Emily
Me lo merecía.
Literal y figuradamente, yo había creado este embrollo.
Empezaba a sospechar que me gustaban los capullos. O, al menos, este capullo en particular. Por ejemplo: Dean había sido encantador, simpático y educado conmigo y lo había dejado no una, sino dos veces. Vicious me trataba de forma aleatoria y era brutal y maleducado y, sin embargo, me había acostado con él. Cuatro veces en seis horas. Y algunas de esas ocasiones ni siquiera habían sido en una cama, algo que yo nunca había hecho.
¿Qué me pasaba? ¿Cómo le había permitido follarme contra la puerta del despacho?
Me di cuenta de cómo me observaban todos cuando salí de su oficina para ir a comprar el almuerzo. Patty me siguió con la mirada y arqueó una ceja al verme caminar hacia el ascensor mientras me arreglaba el vestido con una mano y me alisaba el alborotado cabello con la otra.
Luego, fui en busca del estúpido bocadillo que había pedido Vicious.
No obstante, debía confesar que estuve a punto de correrme cuando me invitó a mudarme con él a Los Ángeles. No porque realmente considerara la idea de trasladarme allí —era una cuestión de principios, él me había echado y ahora no tenía ningún derecho a ordenarme que volviera—, sino porque me quería tener cerca.
Removí el café en mi vaso de plástico con un bolígrafo mordisqueado y lo contemplé a través de la pared de cristal desde la amplia recepción donde charlaba con Patty.
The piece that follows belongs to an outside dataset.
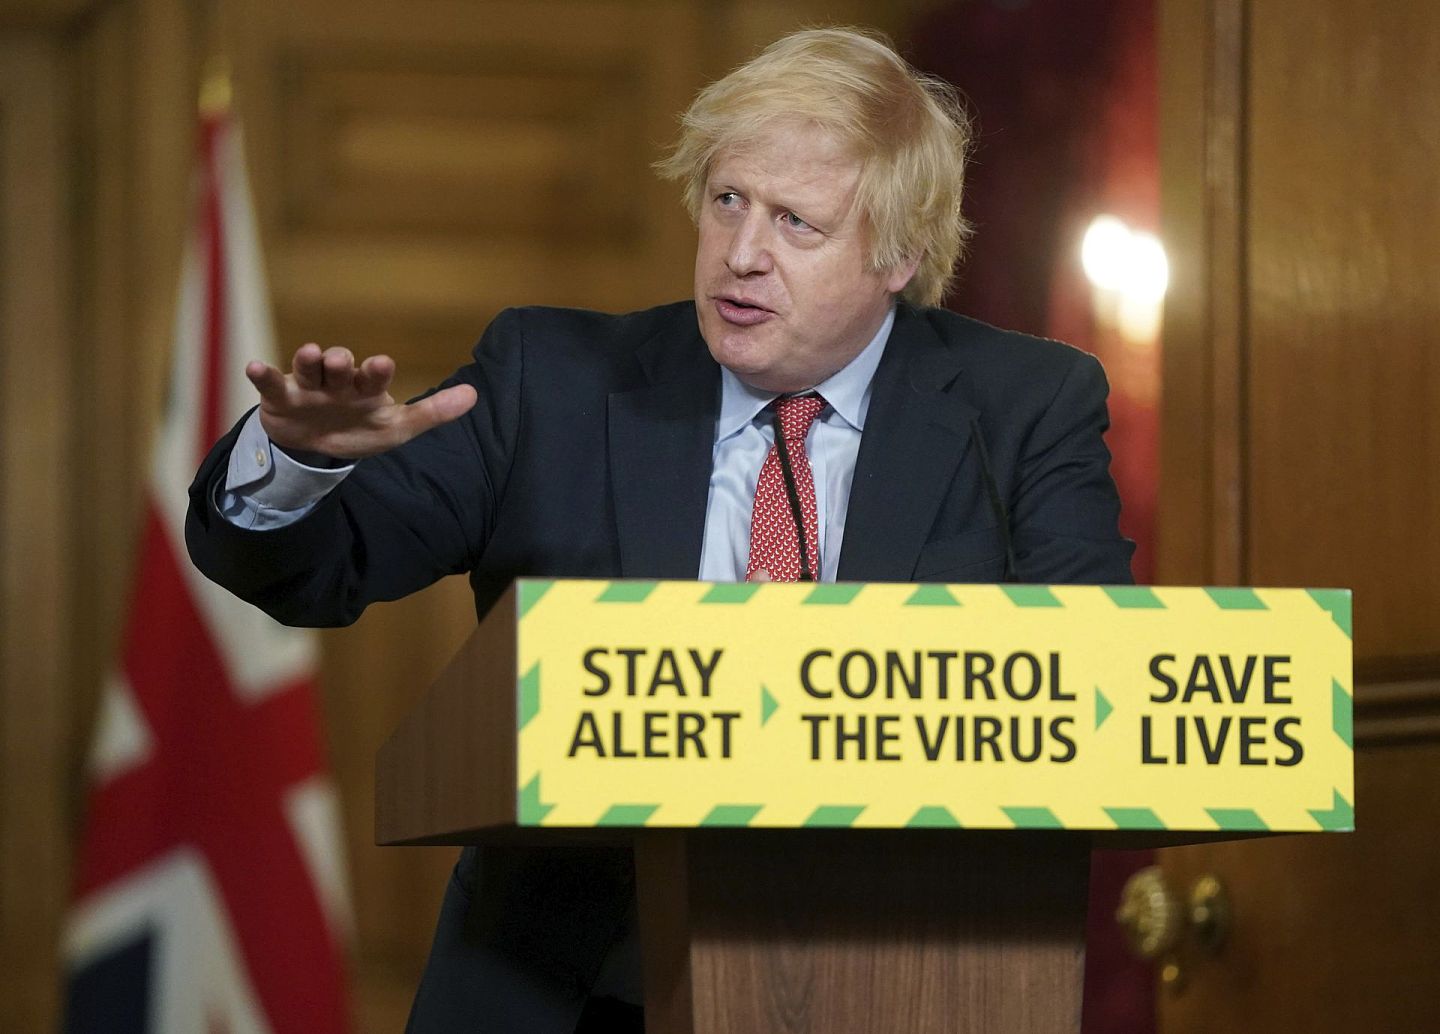 英国首相约翰逊（Boris Johnson）曾一度感染新冠肺炎，对英国的冲击非常之大。英国已经向牛津大学的疫苗项目提供了资金支持。（AP）

La oficina estaba desierta, pero, aun así, él había insistido en que trabajáramos todo el día.
Vicious caminaba por su despacho mientras hablaba por teléfono con el altavoz activado; siempre con el altavoz, pero, desde fuera, no se oía ni una palabra.
Patty me preguntó si podía consultarle si ella podía marcharse temprano porque tenía que empezar a preparar la comida para el día de Nochebuena, que era al día siguiente.
—Vamos, guapa —me urgió—. Mis nietos necesitan los bizcochos de su abuela. No les gustan los que se venden en las tiendas. Todos sabemos que son basura.
—¿Por qué no se lo preguntas tú misma? —respondí, frunciendo el ceño. La respuesta era obvia, pero sabía que ella asumía de manera errónea que sería más agradable conmigo.
—¿Por favor? —Sentada en su silla, unió las manos en gesto de súplica y me miró con ojos
esperanzados tras los gruesos cristales de las gafas de leer—. Solo quiero ver la sonrisa en sus rostros cuando los sorprenda. Su madre está pasando por un divorcio muy desagradable. De verdad que les hace ilusión esta comida conmigo.
Recordé cuando, hacía ya muchas navidades, había cocinado con mi abuela.
—Vale, lo haré, cuando termine la llamada en la que está.
Patty volvió la pantalla de su ordenador hacia mí para que lo viera. Ya eran las tres.